THE TASK = All lines from the one with "before operating this watercraft." through the last line of the data below should be copied exactly; please add nothing.

------------------------------------------------

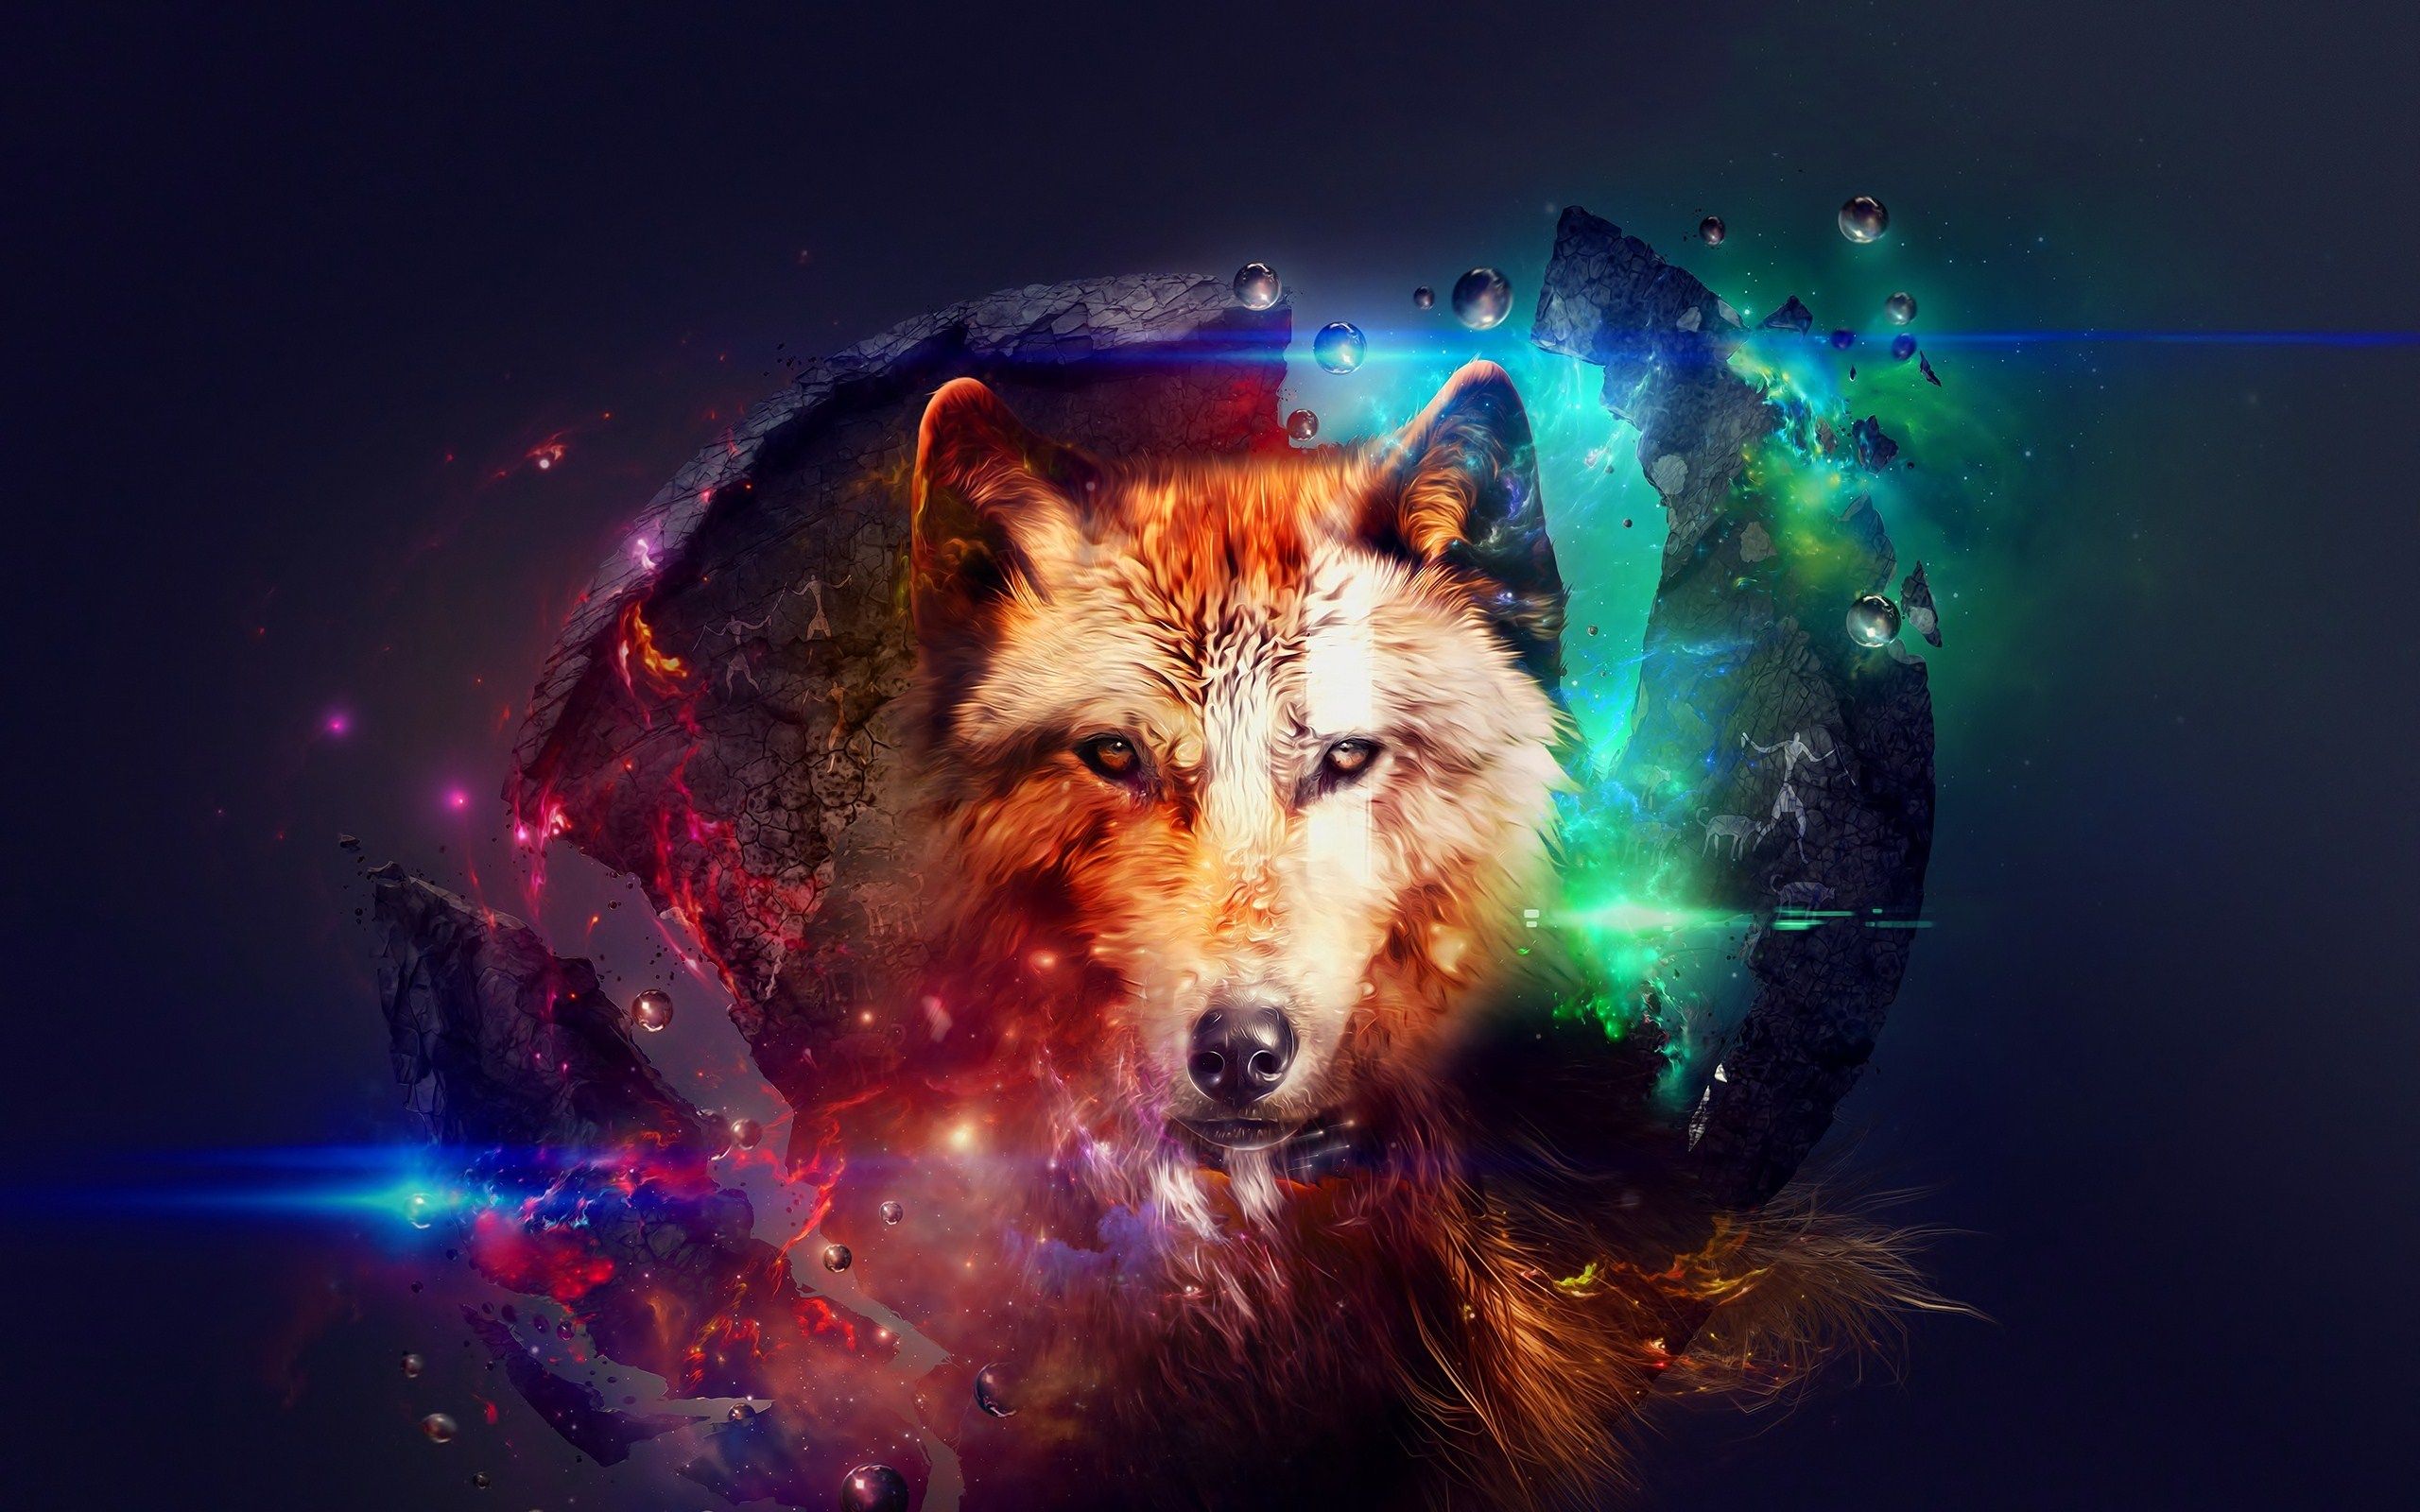 Abstract wolf Computer Wallpapers, Desktop Backgrounds 2560x1600
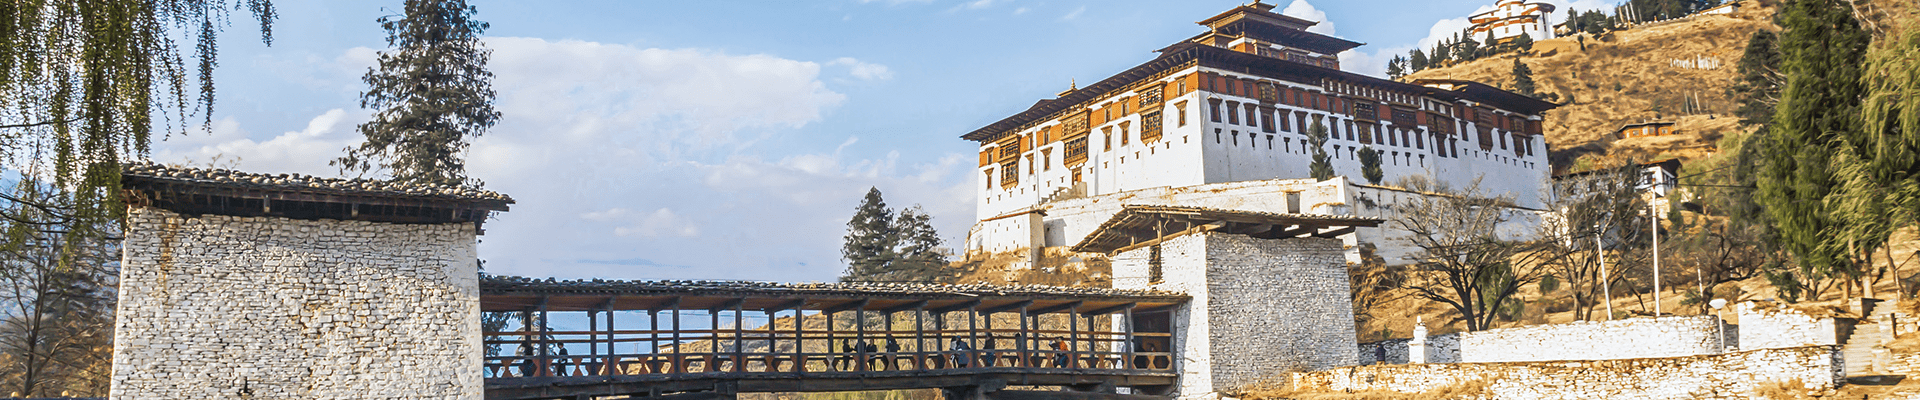 We arrange best places to stay in Bhutan for you
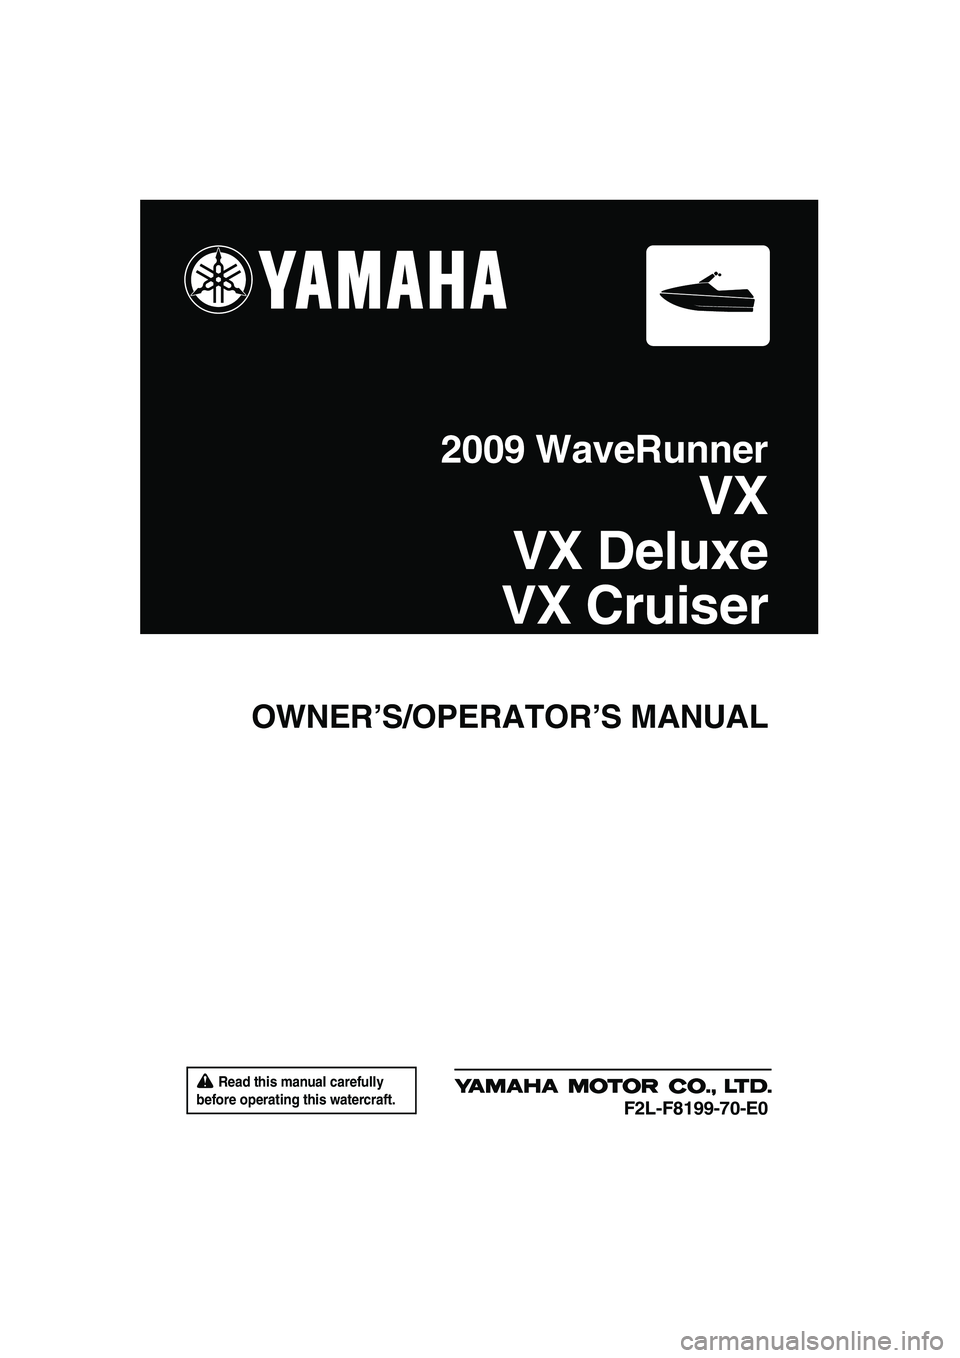 YAMAHA VX SPORT 2009  Owners Manual  Read this manual carefully 
before operating this watercraft.
OWNER’S/OPERATOR’S MANUAL
2009 WaveRunner
VX
VX Deluxe
VX Cruiser
F2L-F8199-70-E0
UF2L70E0.book  Page 1  Thursday, June 19, 2008  8:3

------------------------------------------------

ANSWER =
before operating this watercraft.
OWNER’S/OPERATOR’S MANUAL
2009 WaveRunner
VX
VX Deluxe
VX Cruiser
F2L-F8199-70-E0
UF2L70E0.book  Page 1  Thursday, June 19, 2008  8:3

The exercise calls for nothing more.